Quality Control of Electronic Circuit Boards
23.04.2025 - AI-Powered Optical Inspection Identifies Nanoscale PCB Defects
Machine learning and AI-supported software systems can be used to improve the speed and accuracy of quality control in the production of electronic circuit boards. A specially developed deep learning software requires only a few images to adapt the inspection system to the respective application.
The size and competitiveness of the mobile phone industry has driven innovation in many industries, from imaging to software to even metallurgy. However, the semiconductor market has benefited the most. The demand for higher performance in smaller packages has been unrelenting for few decades. Apple released its latest Iphones, some powered by its new A17 Bionic chips, built on TSMC’s new 3 nm manufacturing process. These chips are smaller, faster and more power-efficient than their 5 nm predecessors. Each chip is said to features 19 billion transistors, some so small that their elements are only 12 silicon atoms wide.
According to reports, Apple will switch to a new circuit board material: RCC foils (resin coated copper). This allows the circuit boards (PCB) to be designed even thinner. However, RCC foils are very delicate, especially in the laminating process, the material is vulnerable to heat and pressure. The more complicated the manufacturing process becomes, the more important optical inspection becomes to check the quality.
Quality Control: Bottleneck in Production
Quality control is the major bottleneck in the printed circuit board manufacturing chain, including reliability testing and reworking defective boards. Improving the efficacy of quality control can significantly increase the production yield and throughput, reducing manufacturing costs and waste.
Most PCB manufacturers use automatic optical inspection (AOI) to monitor defects in their boards. This delivers strong results when there are defects in soldering, connections, pads and traces on printed boards. AOI also proves to be very useful for the early detection of problems that happen during assembly, such as shorts, open circuits, thinning soldering or scratches on traces. In particular, scratches can be fatal to a board, changing its electrical properties and causing a total malfunction of the completed product.
AOI has the advantage of being included directly at the end of the PCB production line, before lamination and etching, detecting possible defects earlier than other methods.
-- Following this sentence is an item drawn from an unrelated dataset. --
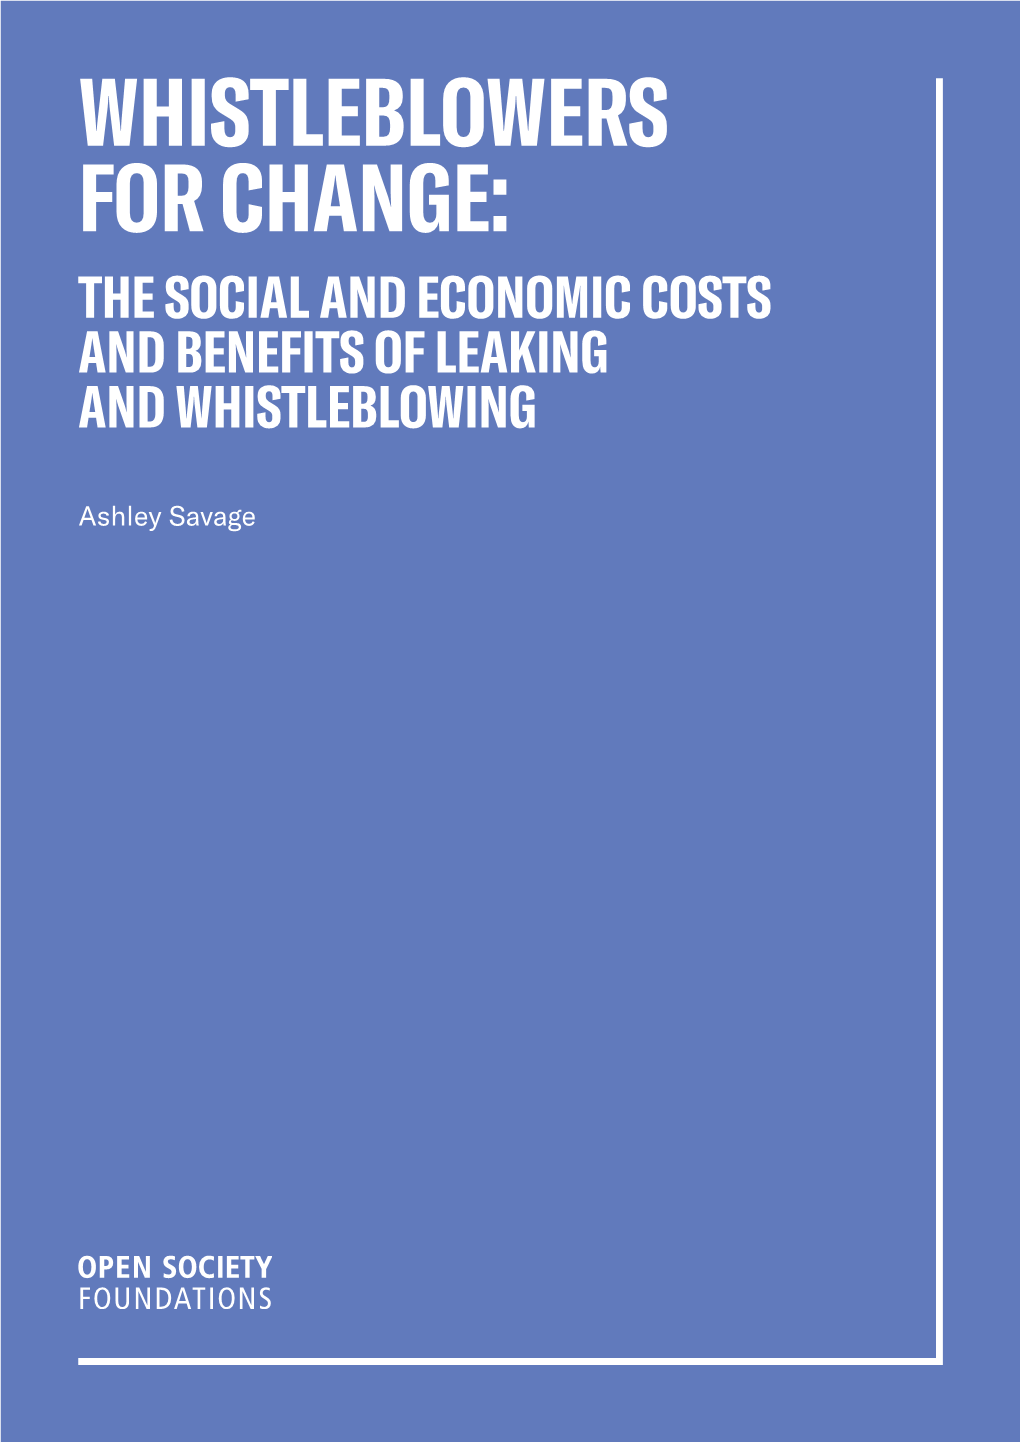 Whistleblowers for Change: the Social and Economic Costs and Benefits of Leaking and Whistleblowing

Imaging systems capture high-resolution images, with resolution down to a few microns, and then comparing them to images of a perfect model board (also known as the golden board) or with an image database of both acceptable and defective samples.
Other than performing tests on the PCB under assembly, the AOI method can monitor the manufacturing process itself. Pick-and-place machines can respond to detected defects in real-time, correcting assembly defects like component misplacement and misalignment.
Limits of Rule-based Image Processing
Still, with the demand for smaller, higher-performance parts, the resulting complexities and subtleties in material faults means that traditional manual inspection or rule-based imaging may simply not be up to the task. One semiconductor OEM needed to detect a variety of fine defects on PCB components, including breakage, abrasion, contamination, fragments, and air bubbles. However, using traditional rule-based image processing was not providing the accuracy they required. They were facing an increase in defective parts that went undetected in their existing process, driving up costs. They needed a new solution.
To overcome these obstacles, the OEM decided to explore machine learning to meet their accuracy requirements for detecting defects on PCBs and their components. They chose Teledyne’s Sapera AI inspection software suite which features the Astrocyte AI training tool. The Sapera AI software allowed them to expand on their rule-based algorithms with AI functions within their AOI machine. The Sapera AI software turned out to be a suitable solution for the OEM, allowing them to use much of their existing system while providing more accurate detection of the subtle defects that other methods would miss.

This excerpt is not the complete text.